Safety Distance: Move Slow and Don’t Break Things

James Giammona, Brad Neuberg

Problem

  • Provide prior for RL agents so that agents avoid dangerous parts of the environment that they’ve never seen before
  • Zero shot generalization at test time beyond dangerous things agent has seen at training time

Proposed Solution

  • Add heuristic term to reward function that is only needed at test time (i.e. we don’t need to retrain a system to work with it).
  • This heuristic encodes the intuition that rapidly changing values in the environment could be dangerous (ex: fast moving cars, sharp changes in temperature, a rapid change in altitude such as a pit, etc.)
  • Basically, large changes in the first derivative of state attributes probably indicate safety issues.

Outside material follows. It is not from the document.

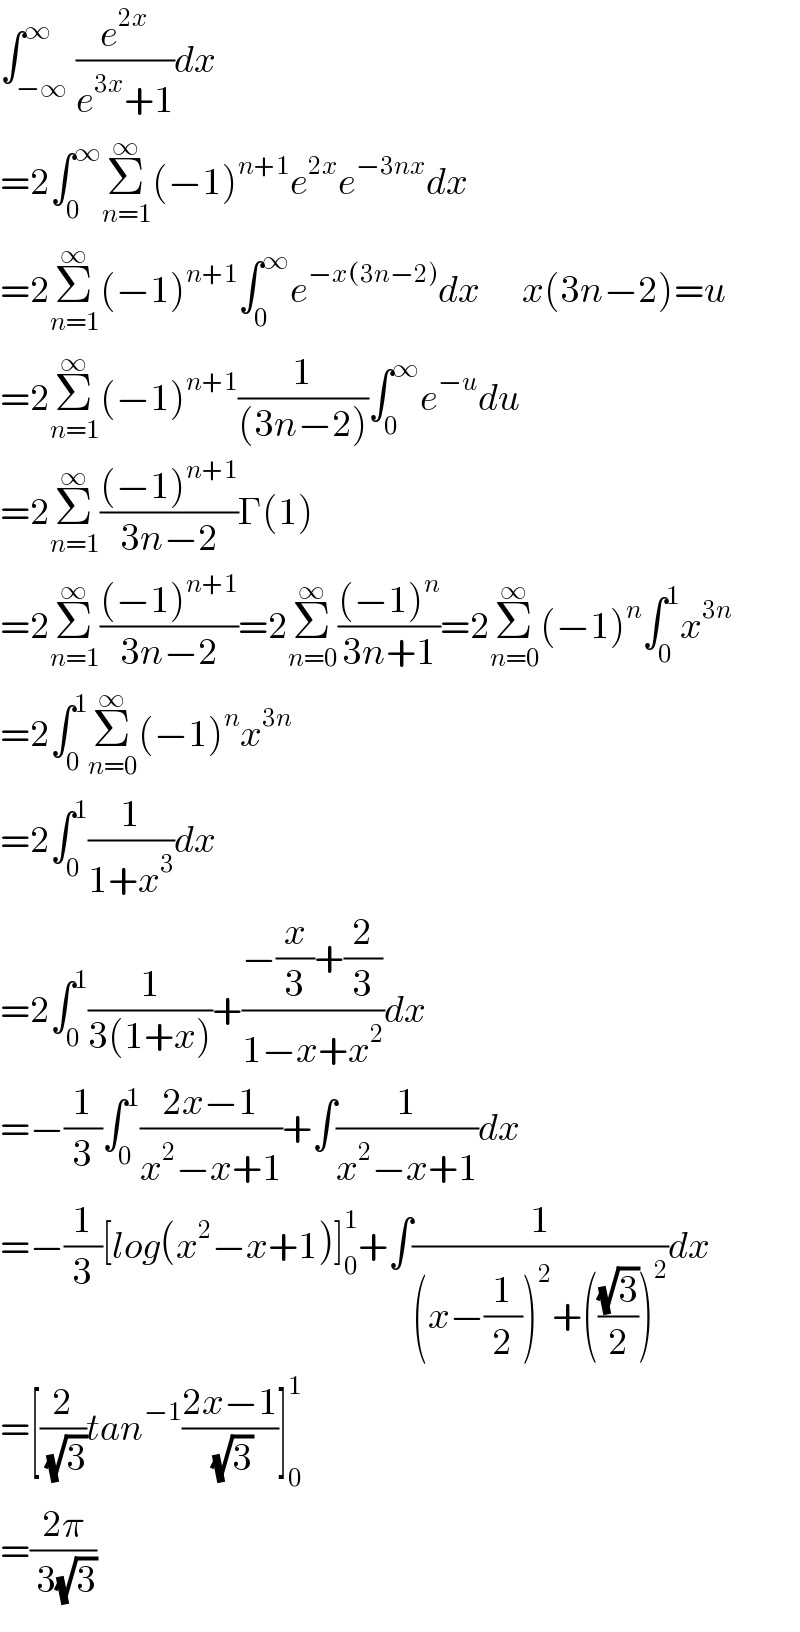 ∫_(−∞) ^∞ (e^(2x) /(e^(3x) +1))dx  =2∫_0 ^∞ Σ_(n=1) ^∞ (−1)^(n+1) e^(2x) e^(−3nx) dx  =2Σ_(n=1) ^∞ (−1)^(n+1) ∫_0 ^∞ e^(−x(3n−2)) dx       x(3n−2)=u  =2Σ_(n=1) ^∞ (−1)^(n+1) (1/((3n−2)))∫_0 ^∞ e^(−u) du  =2Σ_(n=1) ^∞ (((−1)^(n+1) )/(3n−2))Γ(1)  =2Σ_(n=1) ^∞ (((−1)^(n+1) )/(3n−2))=2Σ_(n=0) ^∞ (((−1)^n )/(3n+1))=2Σ_(n=0) ^∞ (−1)^n ∫_0 ^1 x^(3n)   =2∫_0 ^1 Σ_(n=0) ^∞ (−1)^n x^(3n)   =2∫_0 ^1 (1/(1+x^3 ))dx  =2∫_0 ^1 (1/(3(1+x)))+((−(x/3)+(2/3))/(1−x+x^2 ))dx      =−(1/3)∫_0 ^1 ((2x−1)/(x^2 −x+1))+∫(1/(x^2 −x+1))dx  =−(1/3)[log(x^2 −x+1)]_0 ^1 +∫(1/((x−(1/2))^2 +(((√3)/2))^2 ))dx  =[(2/( (√3)))tan^(−1) ((2x−1)/( (√3)))]_0 ^1   =((2π)/( 3(√3)))

  • Inspired by Deep Mind’s recent work in creating toy gridworlds encapsulating concrete problems in AI safety (“on-off switch”, “distributional shift”, “unexpected side effects”, etc.), we extended one of their gridworlds that has lava in a single location during training time, while this lava is in different locations at test time.
  • At test time, we calculate our “safety distance”, which should have a high value when the agent is far away from areas of rapid change and a low value when near these areas. This “safety distance” then augments the standard reward.
  • We did not have time to tie in an RL algorithm to then decide on what action to take with this modified reward, so simply implemented a random walk for now along with displaying the calculated safety distance.

Future Work

  • Actually tie in RL algorithms and see how this improves the number of times of death (i.e. agent terminates in a way that is irrevocable)
  • Rather than hard code a heuristic like we have done on the test-time reward value, can we use a function approximator like a deep net to emit this “safety distance” so it can be a learned value?